Movie Reviews

Movie Review: ‘Saint Maud’

Morfydd Clark in SAINT MAUD

“I hope you will reveal your plan for me soon,” prays Maud (Morfydd Clark), a nurse whose involvement — and possible culpability — in a tragic medical incident resulted in her dismissal from Britain’s national health service. Now employed by a private agency in a coastal town, Maud is assigned to care for Amanda (Jennifer Ehle), a former dancer whose once-graceful body has been ravaged by cancer.

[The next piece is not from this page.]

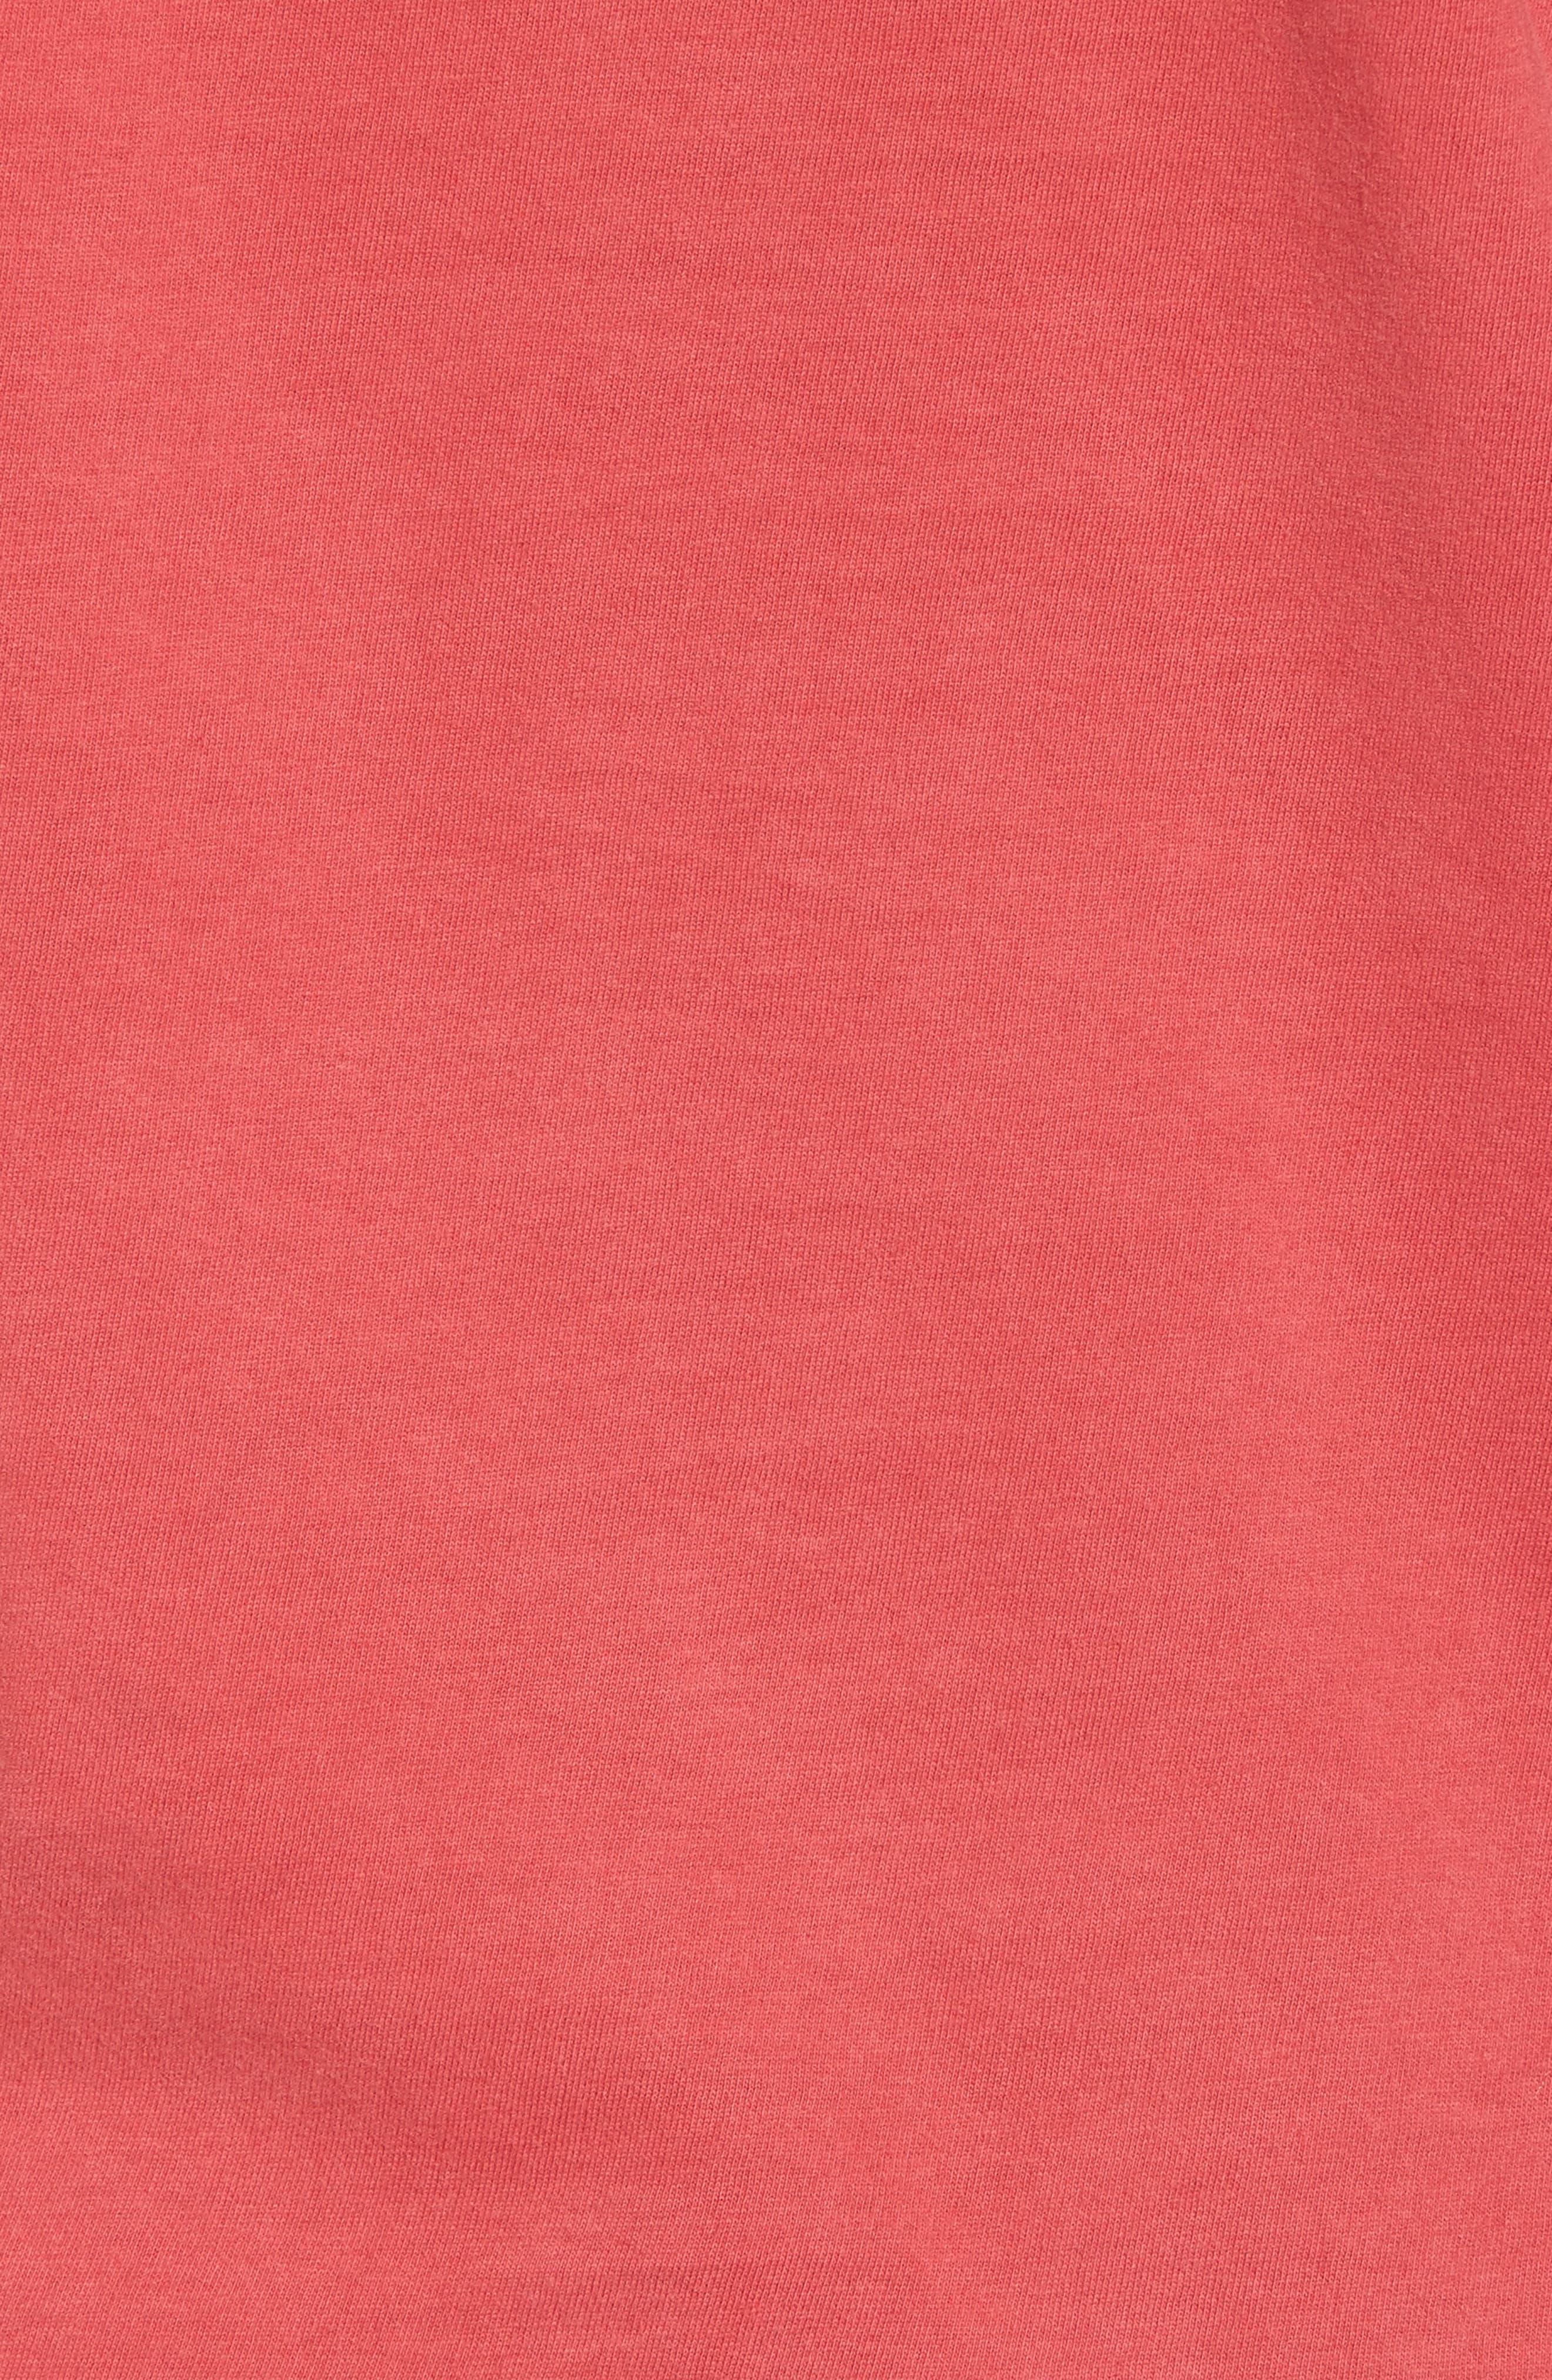 Gresham Red Wings T-Shirt,                             Alternate thumbnail 5, color,                             Red

When Maud arrives at the residence, her predecessor doesn’t mince words about the challenges ahead, but Maud sets about her task with grim determination. At first keeping her faith separate from her duties, Maud gradually invite God into the space she occupies with Amanda, offering a prayer — “bless Amanda’s body, and bless her mind, which is shrouded in darkness” — or a parable to her somewhat bemused patient. Amanda humors her for a time, even christening her “my little savior,” but Maud’s mission to save Amanda’s soul is doomed from the start.

Whether throwing lavish parties with old friends or reveling in the company of a lover (Lily Frazer), Amanda just wants to enjoy what little time she has left — she has no interest in whatever lies beyond, and Maud’s zealotry becomes a near-constant source of vexation. Bullying and embarrassing Maud in front of a room full of strangers, Amanda unknowingly pushes the pious young nurse to a level of devotion even more frightening than before, with horrific results.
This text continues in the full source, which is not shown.